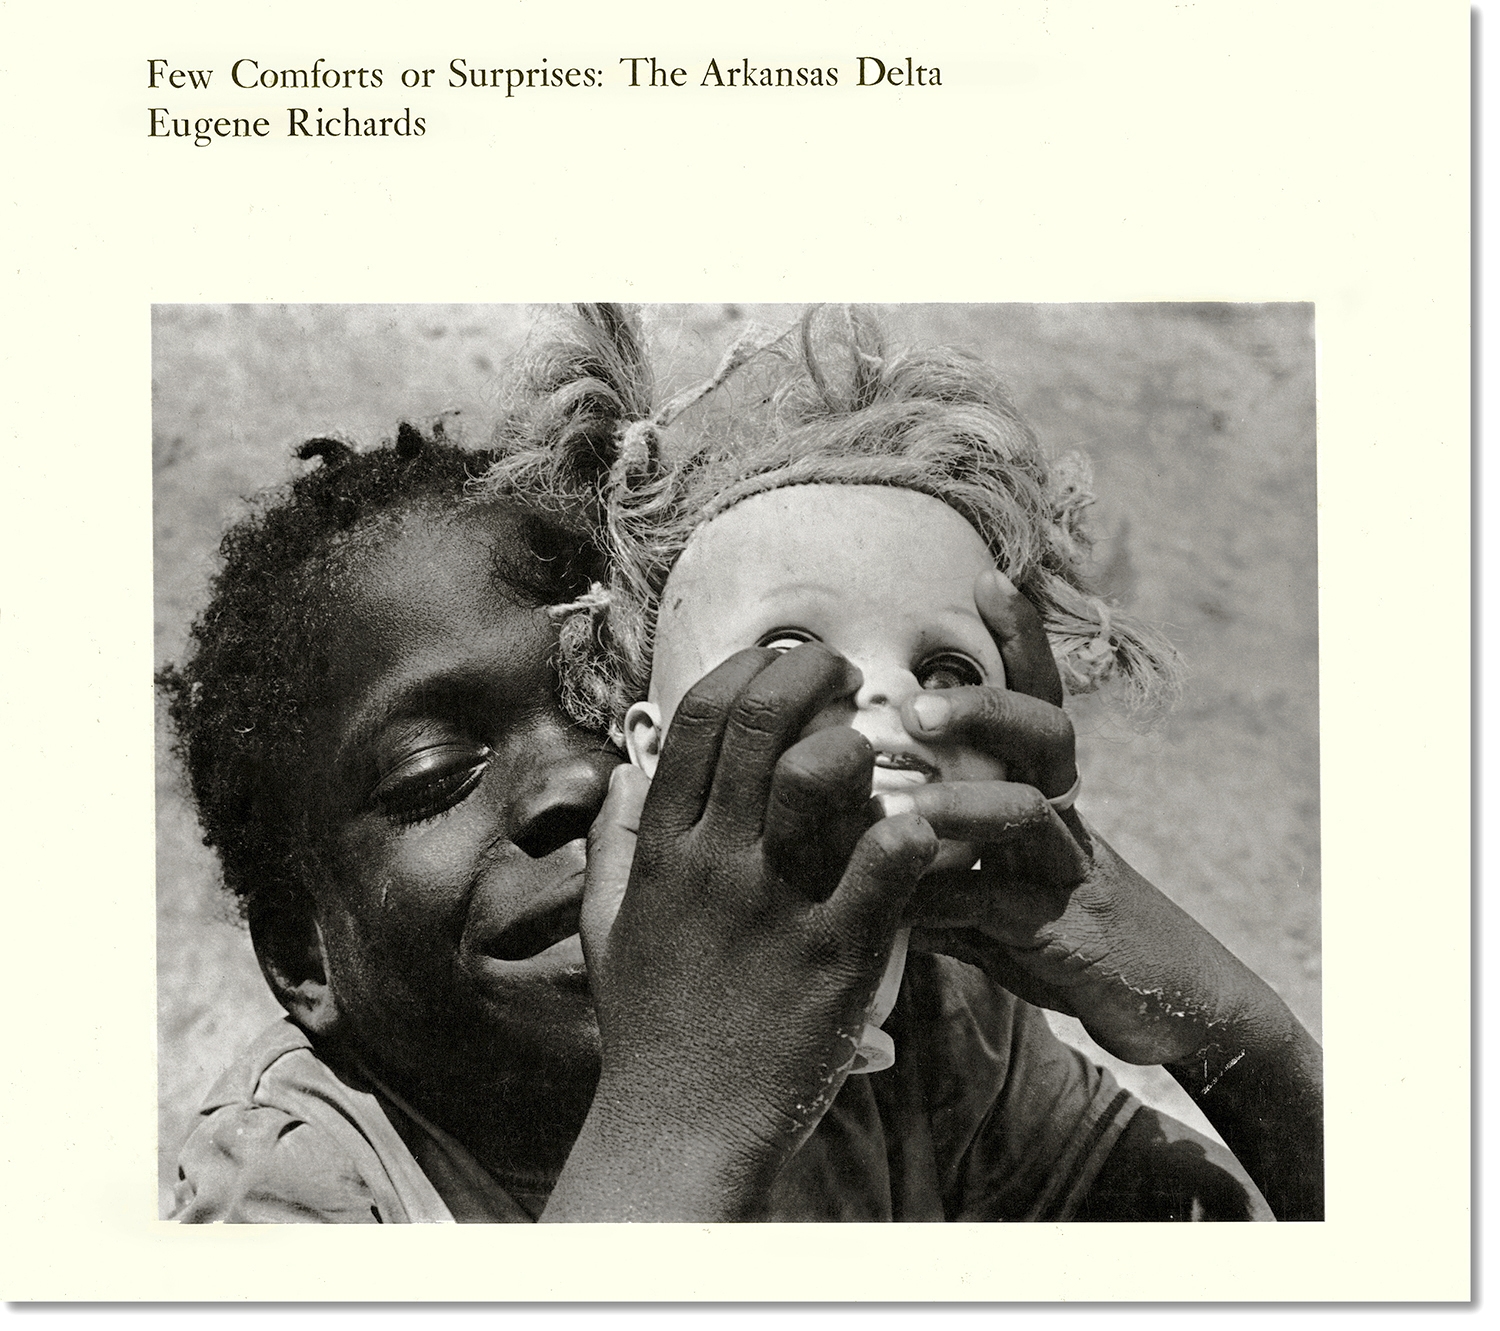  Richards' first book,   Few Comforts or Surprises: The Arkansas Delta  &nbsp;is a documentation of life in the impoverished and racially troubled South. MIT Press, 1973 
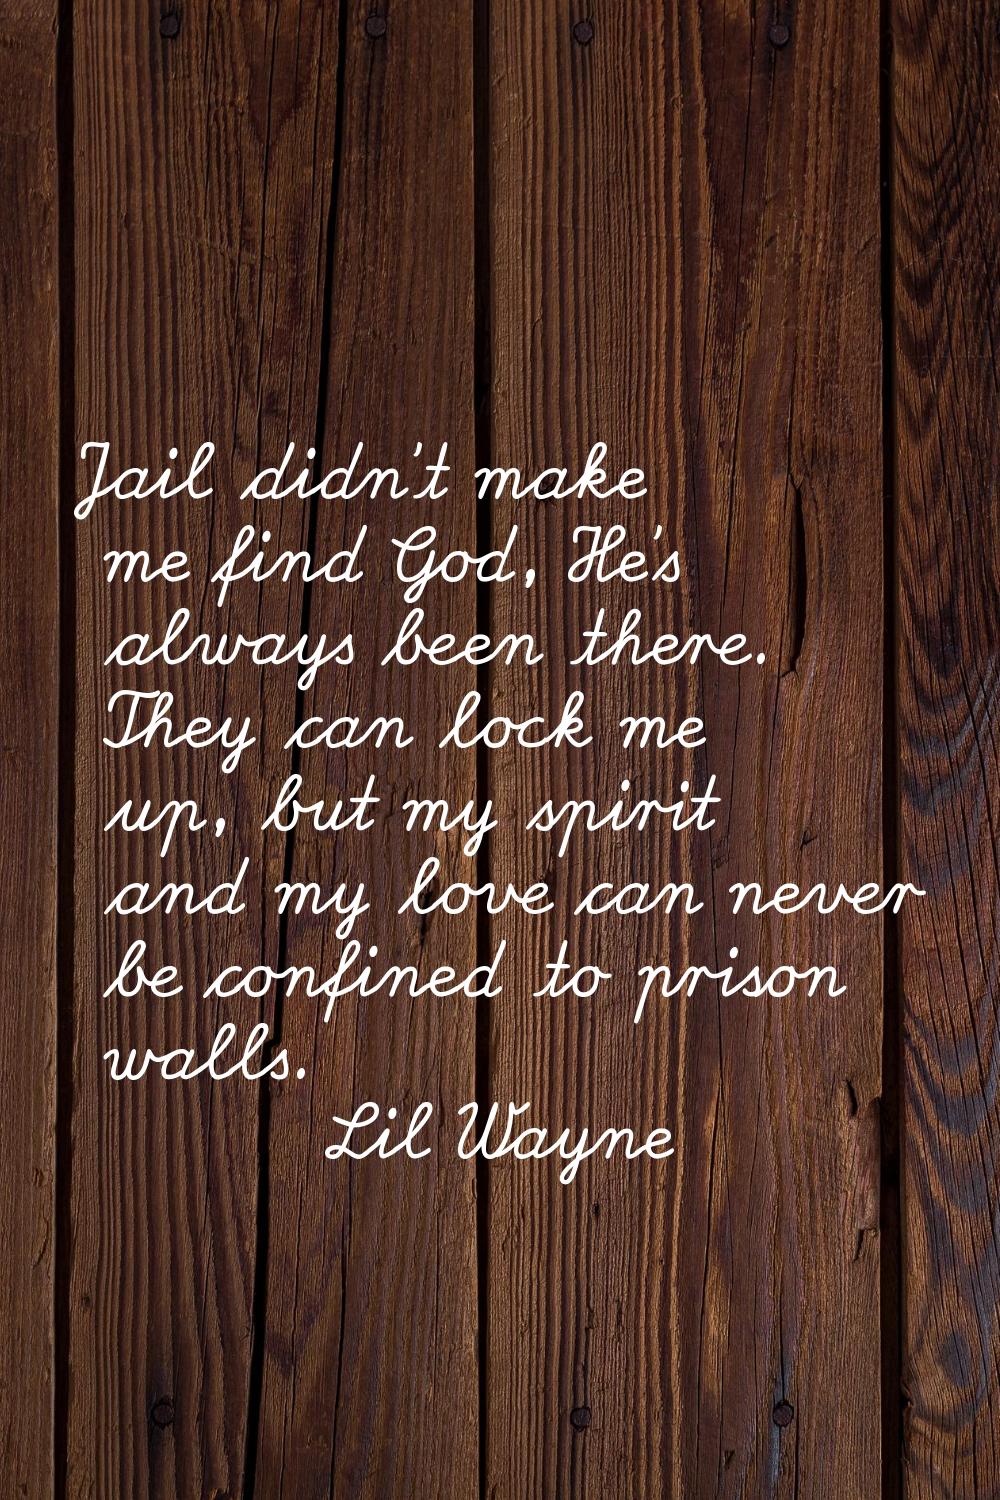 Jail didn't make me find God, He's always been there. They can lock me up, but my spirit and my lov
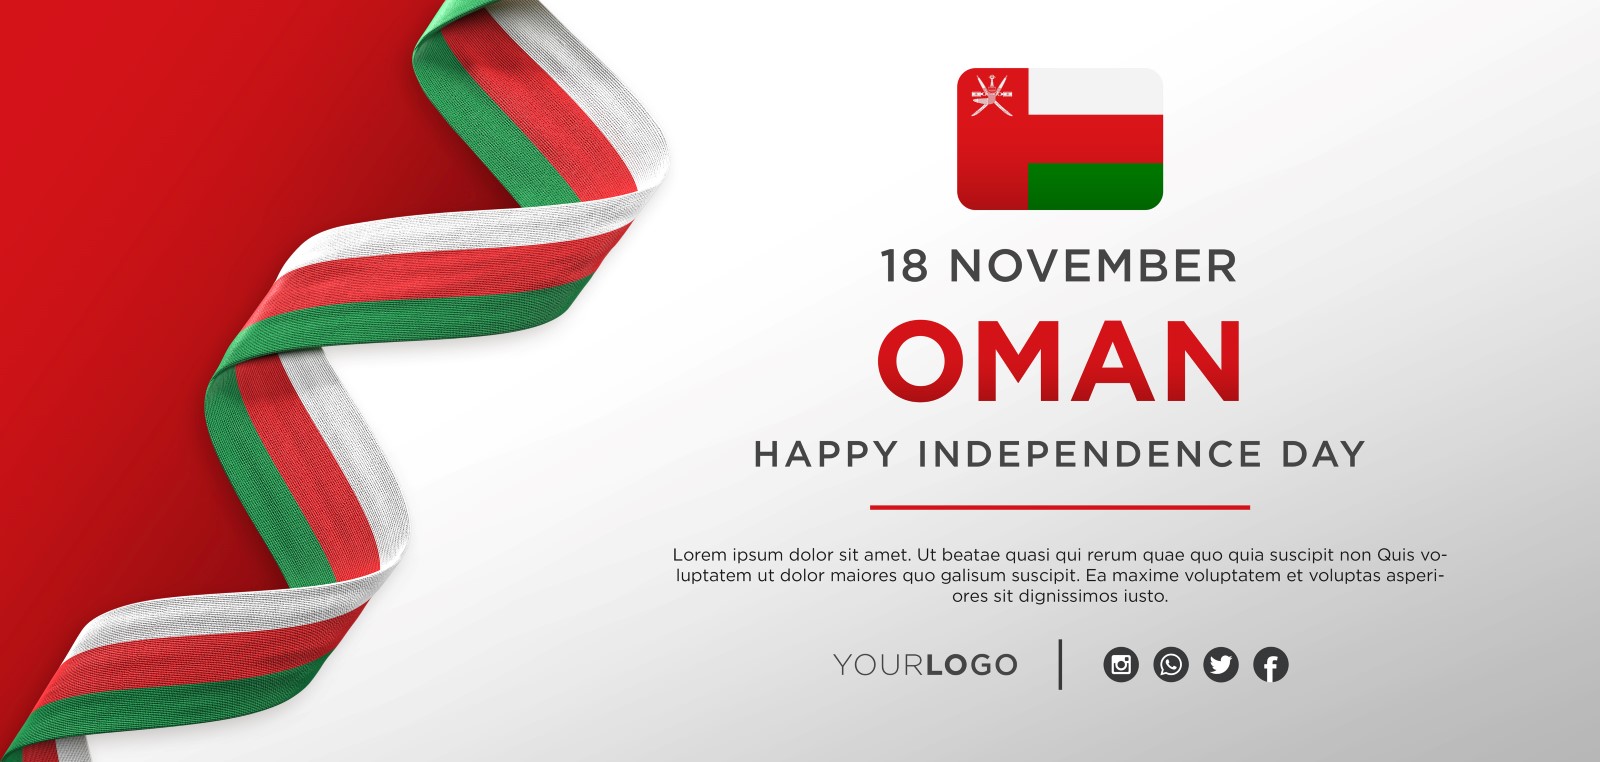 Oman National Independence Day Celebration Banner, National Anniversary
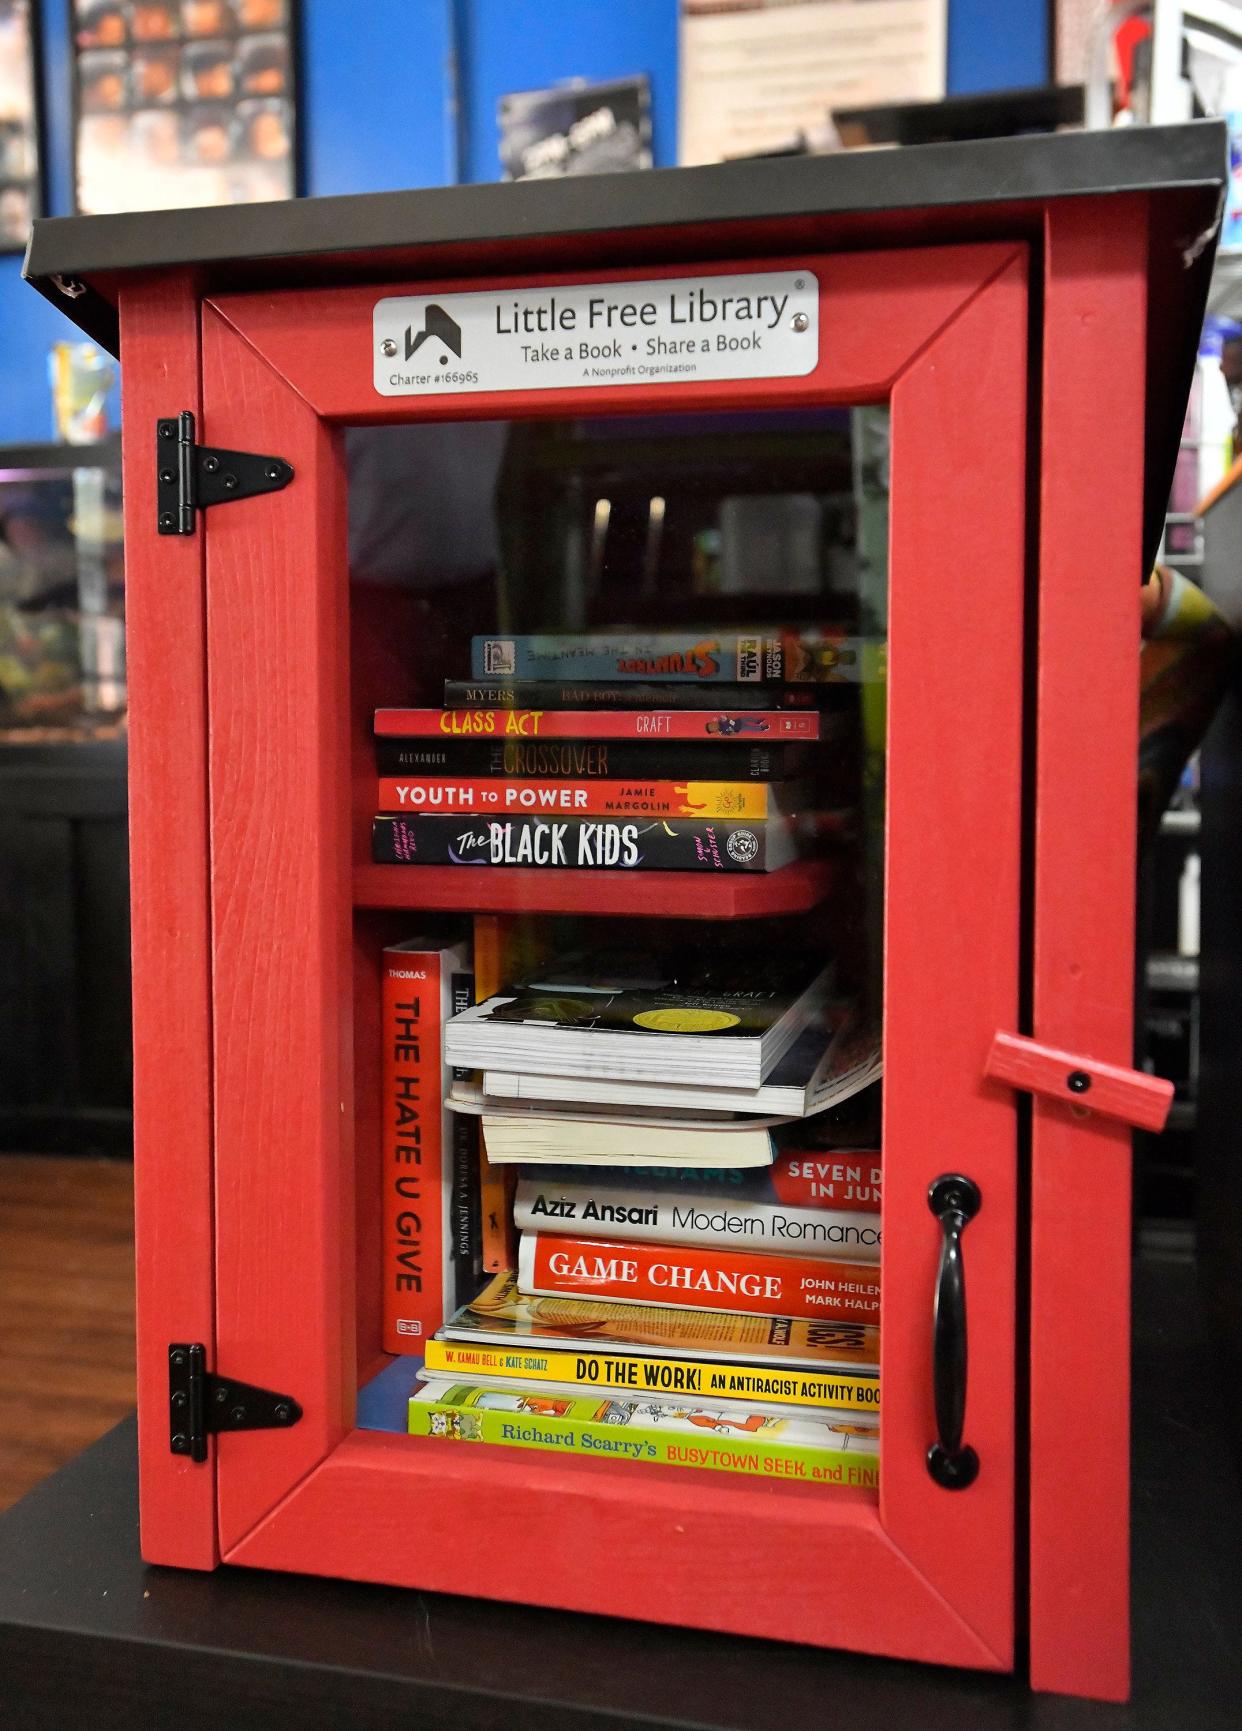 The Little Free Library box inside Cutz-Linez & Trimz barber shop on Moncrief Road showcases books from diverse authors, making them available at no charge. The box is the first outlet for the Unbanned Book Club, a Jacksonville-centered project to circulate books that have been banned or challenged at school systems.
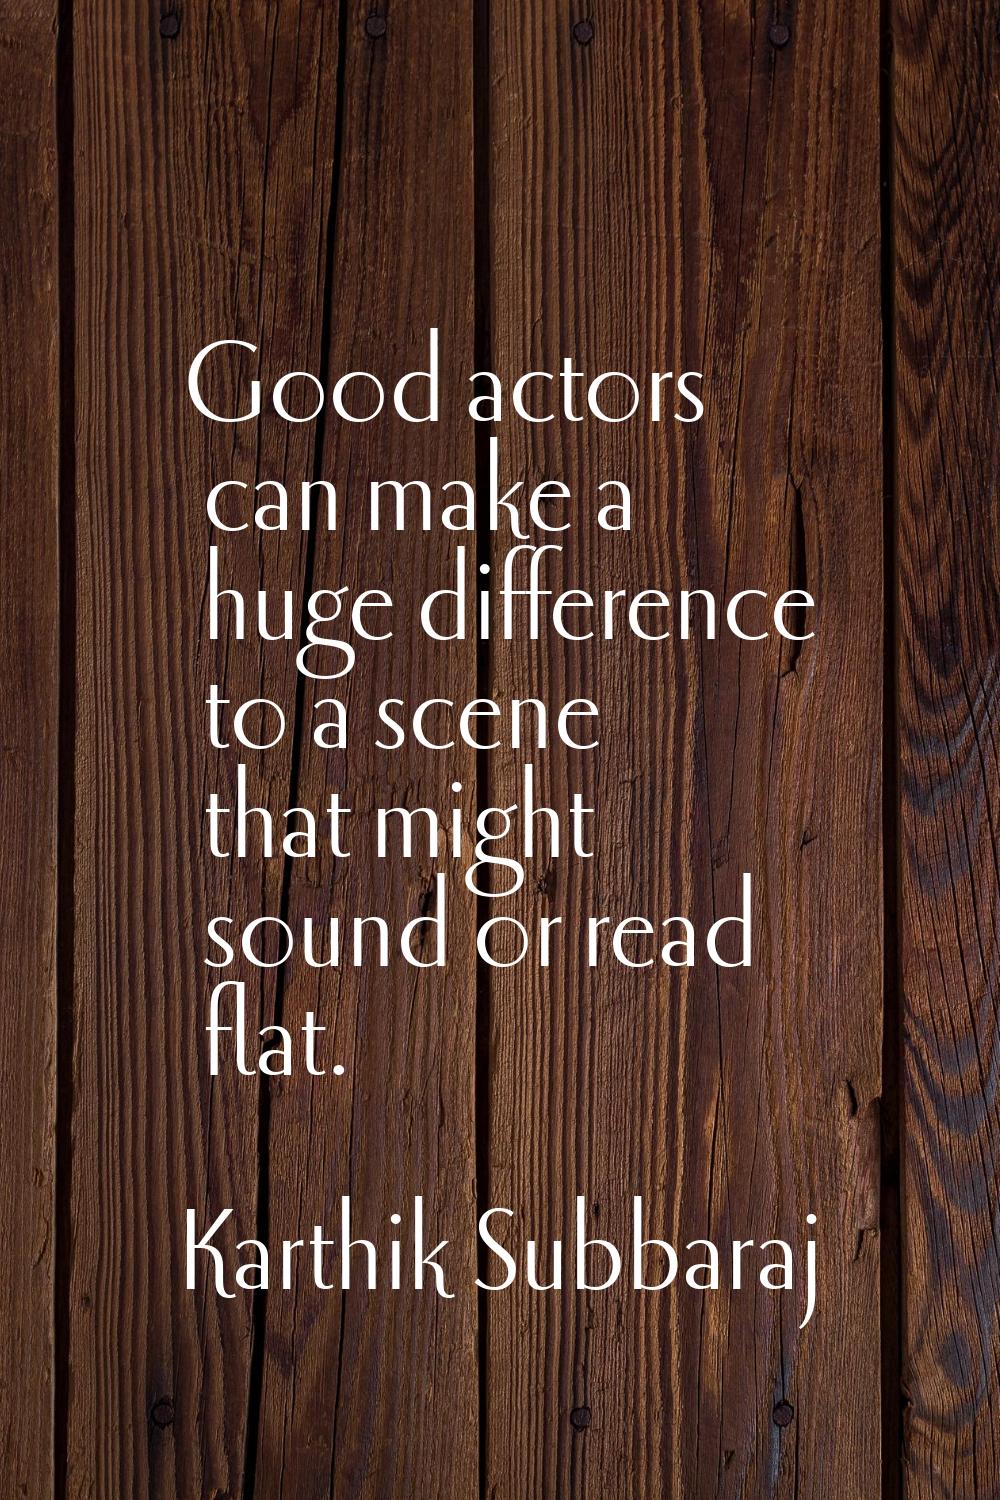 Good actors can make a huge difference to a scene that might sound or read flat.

[Exercise brief]: Restate the listing word for word, pictures excluded.

[Exercise result]:
  Richards' first book,   Few Comforts or Surprises: The Arkansas Delta  &nbsp;is a documentation of life in the impoverished and racially troubled South. MIT Press, 1973 
 Jail didn't make me find God, He's always been there. They can lock me up, but my spirit and my lov
 Oman National Independence Day Celebration Banner, National Anniversary
 The Little Free Library box inside Cutz-Linez & Trimz barber shop on Moncrief Road showcases books from diverse authors, making them available at no charge. The box is the first outlet for the Unbanned Book Club, a Jacksonville-centered project to circulate books that have been banned or challenged at school systems.
 Good actors can make a huge difference to a scene that might sound or read flat.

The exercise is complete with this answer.